From a storage protocol perspective, both modern day NAS and SAN systems both use iSCSI to communicate data to the storage system, so again, both types of storage systems are on par there. You can use NFS with a NAS, but it is rare to do so today, unless the NAS is being used as stand-alone file server to connect devices using different operating systems (e.g. connecting Windows, Mac, and Linux systems to common network file storage).
Where SANs pick up the majority of their performance over NAS devices is the interaction between the metadata controllers and the storage devices. SANs lay a virtual RAID system over the physical disks in the SAN and the metadata controllers index where data exists in the logical storage blocks. This works like an index on a database table (that's a lay man's description of how a SAN typically works). You also typically have multiple metadata controllers in a SAN system, which then provides redundancy and prevents single point of failures. Redundancy of access to SAN data is what really what makes SANs important to an organization, beyond performance.
Also the costs quoted are way off unless you are speaking to large 100s of Tb or Pb storage. A 32 Tb SAN unit could be built for as low as $1500 (Source: http://thehomeserverblog.com/esxi-storage/building-a-homemade-san-on-the-cheap-32tb-for-1500). Not that you would use that for a production SQL environment, but it's an example that costs for SANs have come way down.
July 24, 2015 at 6:51 am
agtcovert (7/24/2015)
I'm sorry, but this article is dreadful and despite the claims of research, the author still doesn't have a good understanding of a SAN (or NAS) environment.First, talk to your IT guys, because a NetApp 3160? That's OLD. Like End of Availability for that model in 2012, which means it was launched ca. 2008. A lot has changed, as with anything technology, in that time. If you're having performance issues that'd be where I'd start. A NetApp 8020 HA pair with an adequate configuration can be had for far less than $80k US. Time to upgrade...
I think we got caught up in another regurgitated SQL Server Central.com posting. Looks like the original date was from 2012.
July 24, 2015 at 9:49 am
this article was written years ago and just republished.
G~
Gregory A Jackson MBA, CSM
July 24, 2015 at 1:46 pm
You can use the SQL Server view sys.dm_io_virtual_file_stats to see IO Stall Time. Around 7 ms is average, anything above 20 ms is considered poor, and above 50 ms is considered critical. Using NetApp we are getting average IO Stall Times over 2 seconds (2,245 ms :angry:) for specific datafiles, including tempdb. And this is averaged over millions of IOs reading average block sizes of 150 KB.

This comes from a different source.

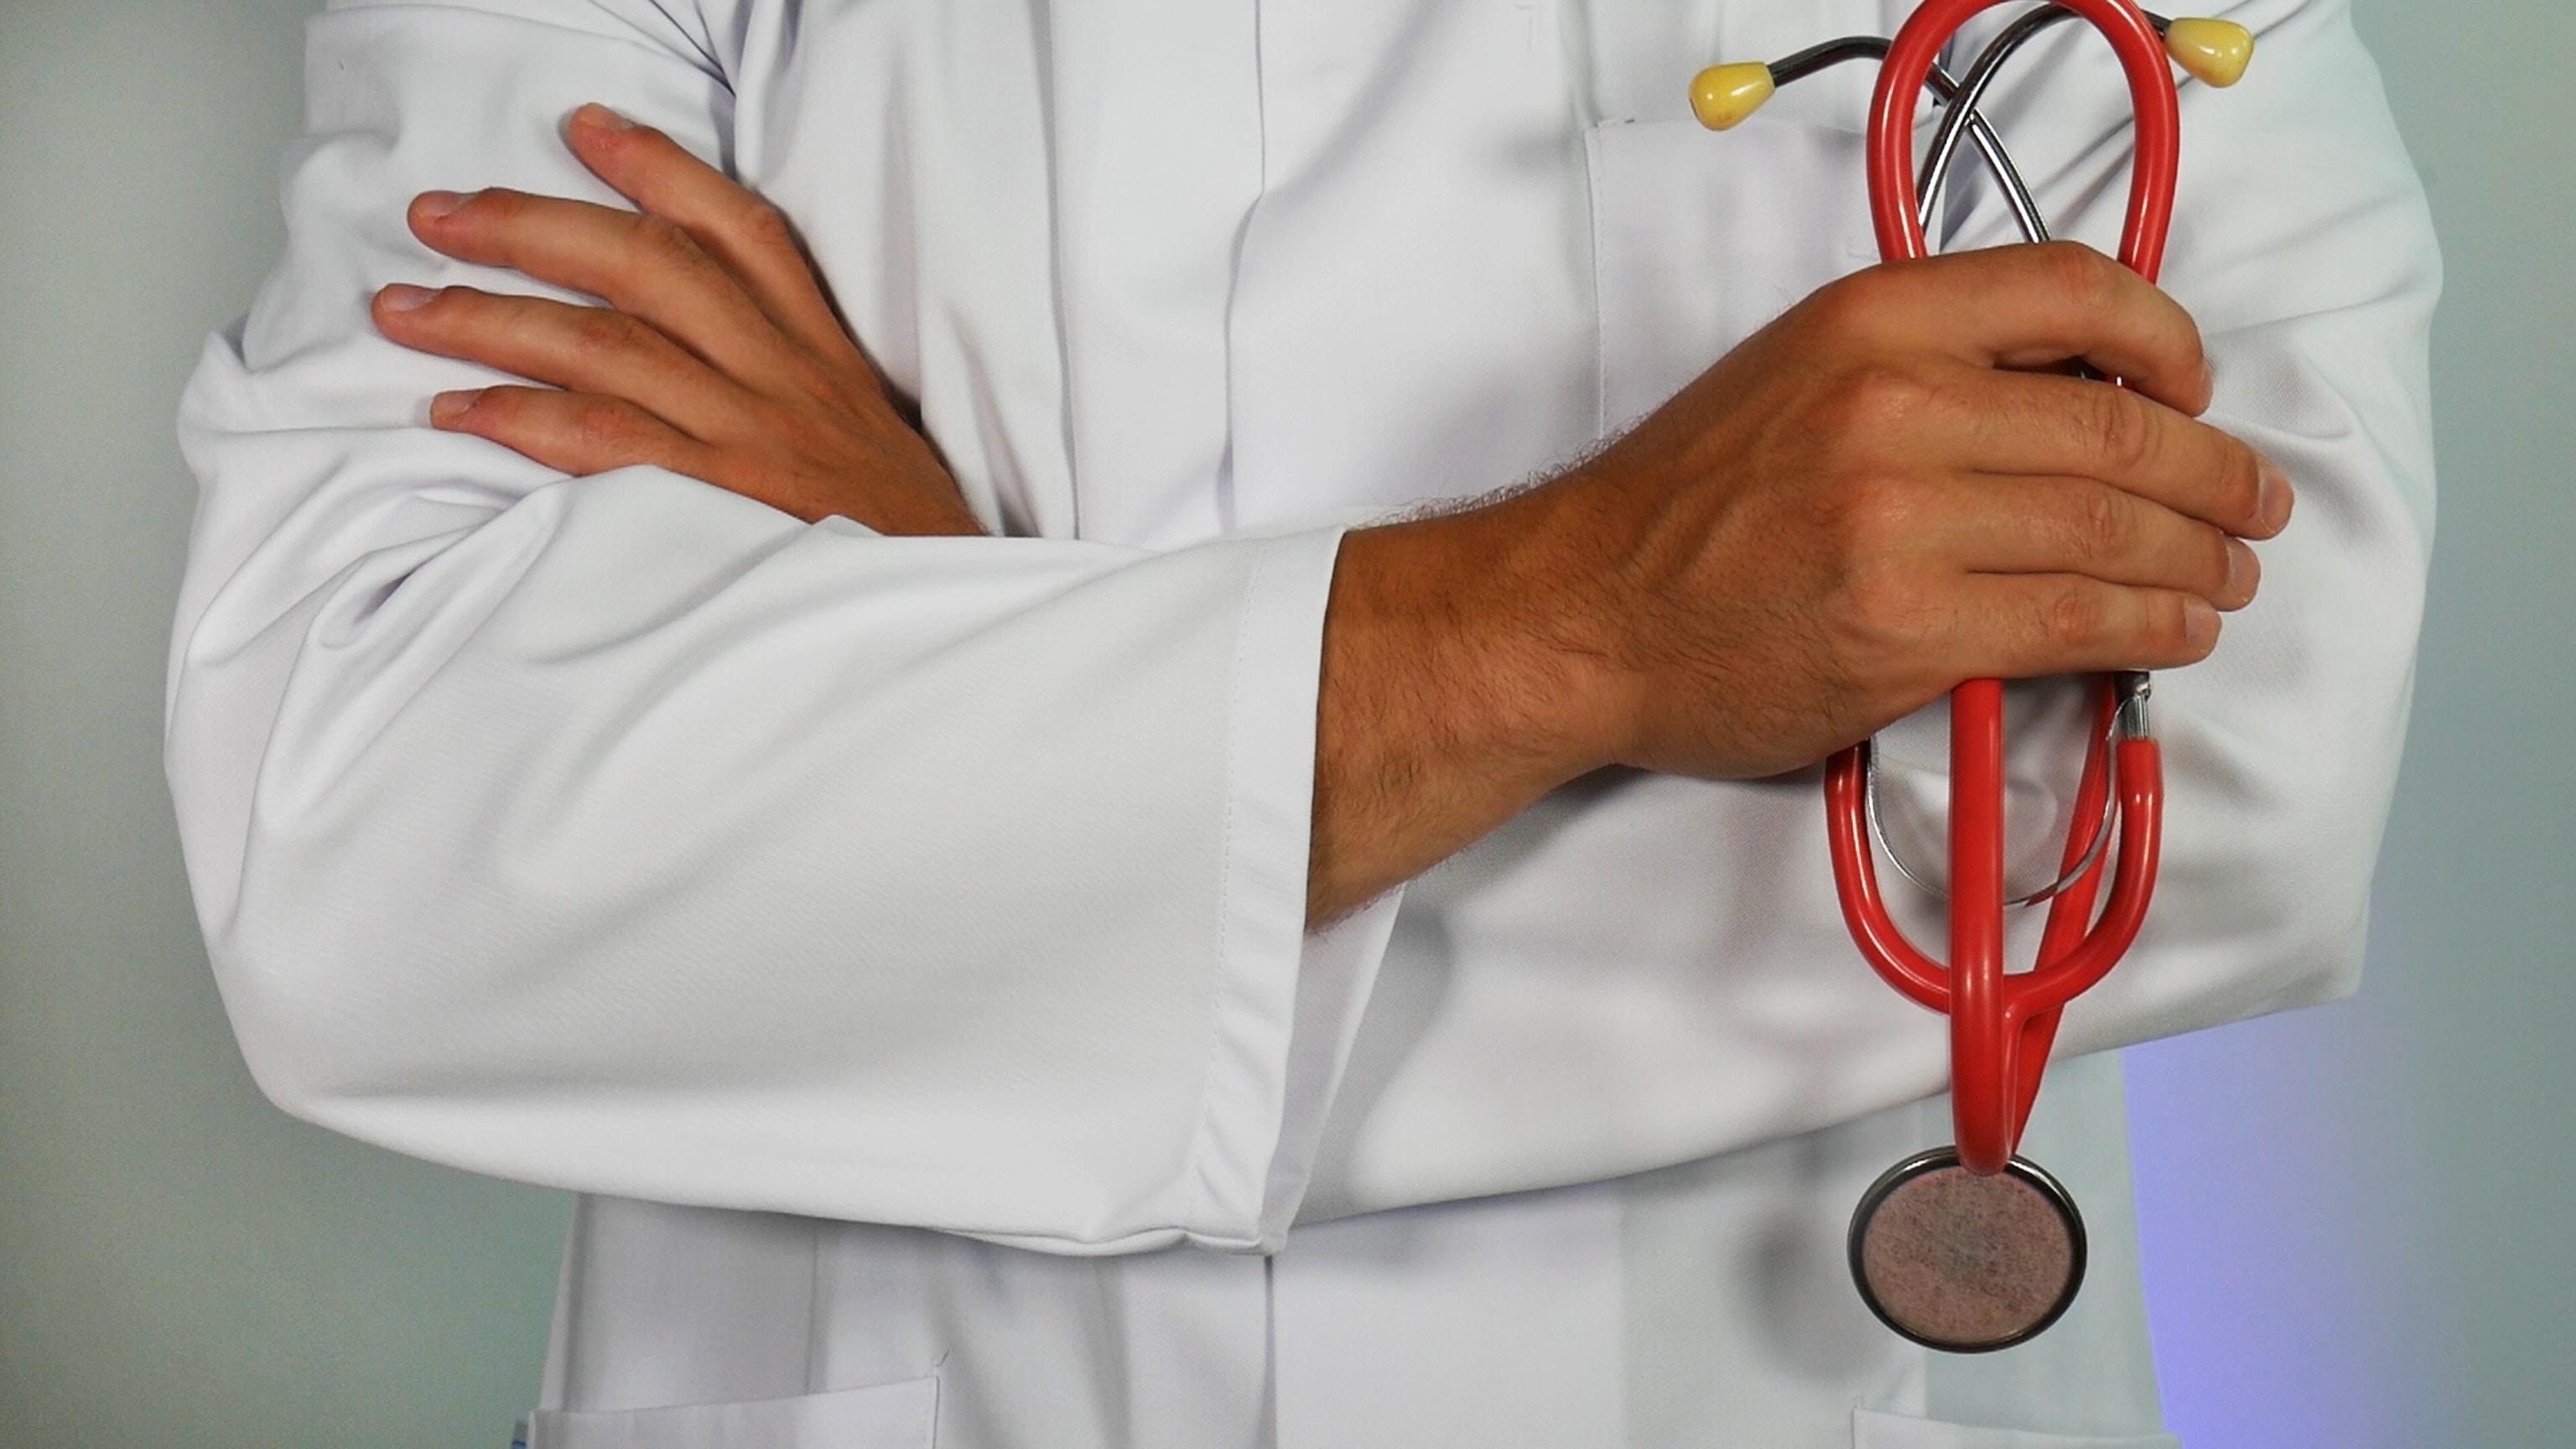 Luego de cumplir 40 años es necesario visitar al doctor periódicamente. (Foto Prensa Libre: Servicios)

I’m wondering if the reason why we are seeing an average > 1 sec. stall time for physical disk I/O has to do with block marshaling. We are executing large ETL jobs and BI queries. That pumps out a lot of 1 MB sequential reads. NetApp breaks a 1 MB block down to multiple 4 KB blocks. When an 4 KB block is updated it keeps both before & after versions of the block, causing the blocks to be scattered all over kingdom come. When a 1 MB physical read occurs NetApp has to look up the location of every 4 KB block and then go out and read every block and assemble them back into a 1 MB block before it can respond. In this case the chain is only as strong as the weakest (slowest) link. The NetApp processor doing this may be swamped with these operations (saturation hockey-stick :crazy:), especially if many asynchronous 1MB PIO requests are sent, which is what SQL Server does. (asynchronous = multiple PIOs are sent in rapid succession before waiting for each one to respond.) That’s my working hypothesis.
In any case, NetApp is the winner if you are checking off features in a comparison matrix, with the exception of performance. It is OK on OLTP performance. But it is absolutely junk on batch & OLAP performance and it should not be considered.
If a NetApp employee wants to pick a fight with me over the facts they should come down to my company and tune our SAN. If they can fix our performance problems I’d be happy to state a retraction and the solution. So far we have lived with this performance problem for years.
Here is another possible explanation, but it’s over my head.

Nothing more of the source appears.